All group work directories have a 500GB quota.
The PROJECT file system (/project) is for longer term user or shared group storage for active job data. Compute project data is considered active if it is needed for current or ongoing compute jobs. The PROJECT file system is not an archive for legacy job data and is referred to as "offline storage" as it is not accessible by compute nodes.
All group project directories have a 1TB quota.
Job submission nodes allow users to authenticate to the cluster and are sometimes referred to as “login nodes”. They also provide applications required for scripting, submitting and managing batch compute jobs. Batch compute jobs are submitted to the cluster work queue. The user then waits for the job to be scheduled and run when the requested compute resources are available.
Users require an AU NetID that has been provisioned for AUHPCS, and a device configured for Duo two-factor authentication to access job submission nodes.
Data transfer nodes provide access to user file systems in the cluster. Their role is to facilitate high speed transfer of data across those file systems within the cluster. These nodes can also be used for the transfer of data in and out of the cluster.
Users require an AU NetID that has been provisioned for AUHPCS, and a device configured for Duo two-factor authentication to access data transfer nodes.
General Intel compute nodes:
These nodes are candidates for bioinformatics, genomics, population science, mathematics, chemistry, and physics workloads with the most modest resource needs.
Middle memory Intel compute nodes:
These nodes are candidates for bioinformatics, genomics, population science, mathematics, chemistry, physics, and some modeling workloads with the additional resource needs. It is also likely these nodes would be suitable for pharmaceutical, molecular biology, and simulation workloads.
High memory Intel compute nodes:
These nodes are candidates for bioinformatics, genomics, population science, mathematics, chemistry, physics, modeling, pharmaceutical, molecular biology, and simulation workloads with the largest resource needs
NVIDIA Quadro RTX - Intel compute nodes:
These nodes are candidates for data sciences, physics and life science modeling, artificial intelligence, inference, and simulation workloads with modest resource needs. These systems also include hardware features that can be used to accelerate complex simulations of the physical world such as particle or fluid dynamics for scientific and data visualization. They could also be used for film, video, and graphic rendering, or even special effects workloads.
NVIDIA Tesla T4 - Intel compute nodes:
These nodes are candidates for mathematics, data sciences, artificial intelligence, inference, machine learning, deep learning, and simulation workloads with modest resource needs.
NVIDIA A100 – AMD compute node:
This node provides the greatest end-to-end HPC platform performance in the cluster. It offers many enhancements that deliver significant speedups for largescale artificial intelligence, inference, deep learning, data analytics, and digital forensic workloads.
Research Technology systems administration staff can assist with most Red Hat Linux operating system, application, and system utility support. Enterprise support for Red Hat Linux can be extended to professional services if needed. However, because there is often commonality across many Linux distributions, Research Technology may be able to help support application and utilities on other distributions as well.
Research Technology HPC systems engineering and application staff can assist with many job submission script composition and troubleshooting tasks.
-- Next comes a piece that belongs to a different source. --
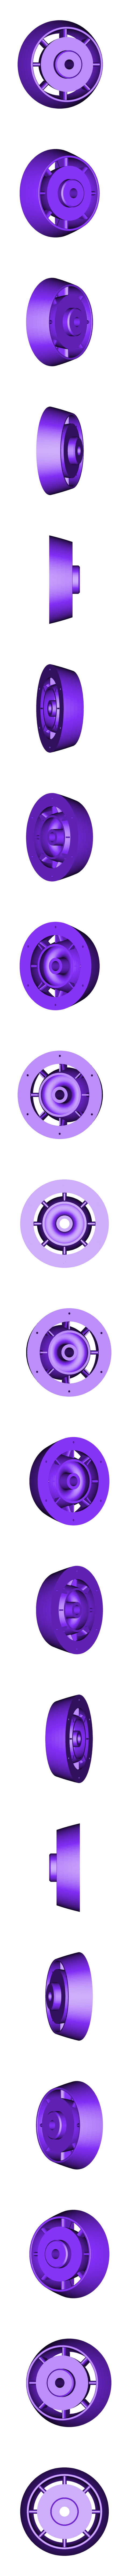 LPC-Inlet01ws.stl Download STL file Thrust Reverser with Turbofan Engine Nacelle • 3D printable model, konchan77
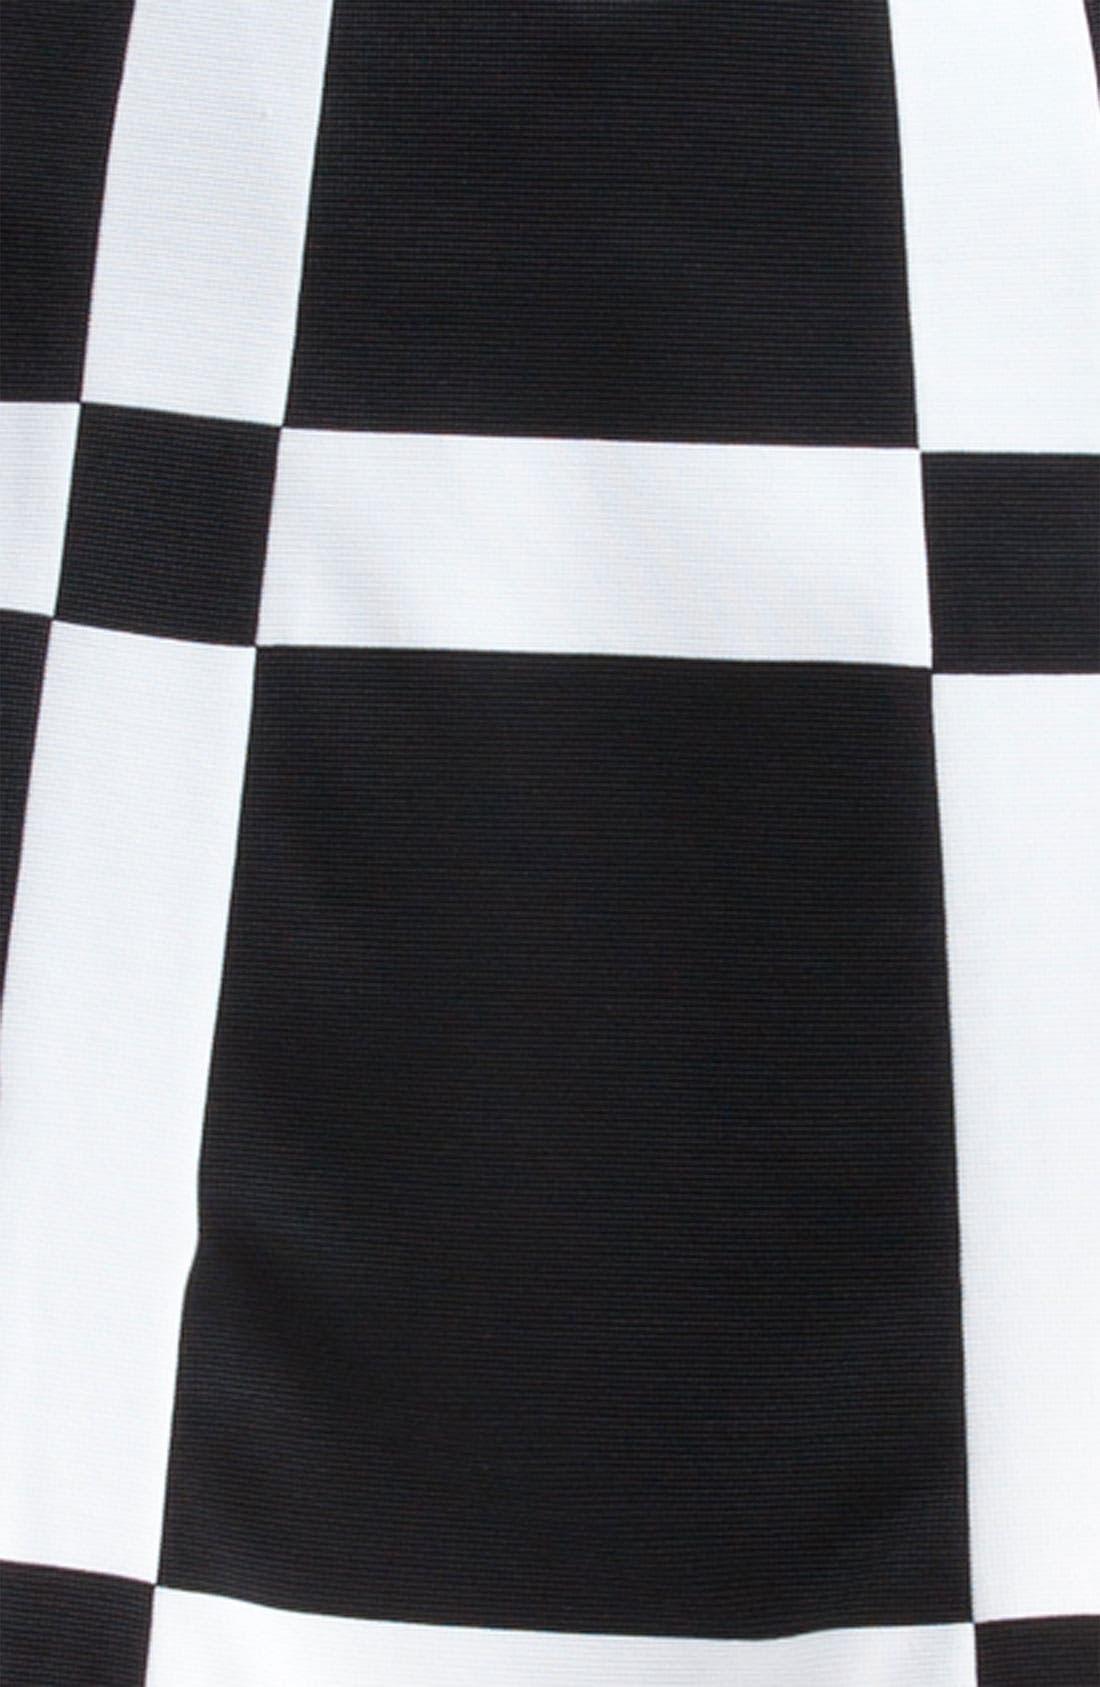 Alternate Image 3  - Marni Edition Grid Print Knit Skirt

However, it is important to understand that job submission script issues and debugging can be complex and support will often be a cooperative effort between users and staff.
Software will be made available to the cluster using the following methodologies.
To access AUHPCS researchers, faculty, or staff must meet the following requirements:
Once access is granted for approved compute projects adherence to AUHPCS governance policies is a continuing requirement.